Abstract

This paper challenges the fact that the absolute freedom for residents to locate themselves wherever they want can lead to sustainable cities. Urban sprawl is the corollary to this freedom. Urban sprawl has become a controversial issue. Lines of thought among academics, practitioners, and local authorities have been diverse. Some academics advocate the compact city as an antidote to urban sprawl, some scholars doubt the ability of conventional notions of containments to create sustainability, and others are fascinated by urban technologies and believe in the feasibility of these technologies, whereas local authorities impose policies, one after the other, without effective results. The problematic point is the absence of a comprehensive approach to undermining the urban sprawl sustainably. On the other hand, the physical urban compactness alone cannot meet containment aims. The study therefore study poses a question: Is there a theory or policy that can accommodate all of these ideas? This study attempts to find a sustainable compromise through a critical review of the impact of auto-mobility on urban affairs and to solve the dialectical contradictions between the protagonists of compactness and their counterparts who advocate urban sprawl.
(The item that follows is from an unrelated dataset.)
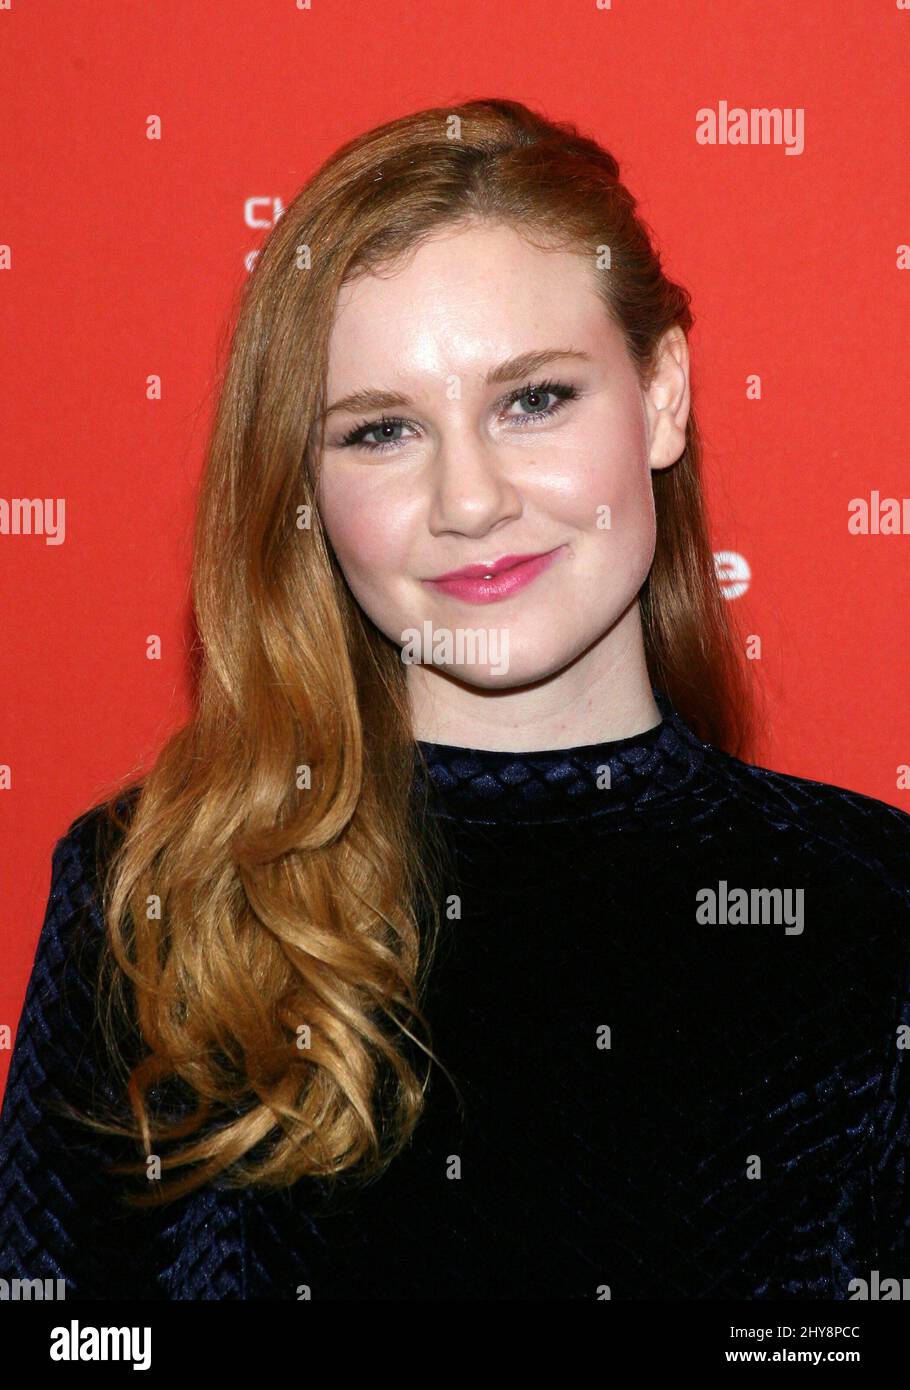 Madisen Beaty attending the 'Other People' Premiere at Sundance Film Festival 2016 held at The Eccles Theatre in Park City, Utah. Stock Photo

The review ends with a comparison between urban initiatives and theories related to auto-mobilities, and highlights the approaches to sustainable urbanism. The conclusion is that all classic planning theories have neglected the sociocultural impact on the urban realm, and that the current initiatives and mutual debates consider the resident just as a physical object who cannot contribute effectively to sustainable urban syntax. The study concludes that urban sprawl can also be a compacted zone if authorities ensure the equity of loci-services. Then, the preference for housing locations will not be a challenge to urban residents’ movements to settle closer to their work. In the end, the inhabitants will share in making an integrated and real urban containment.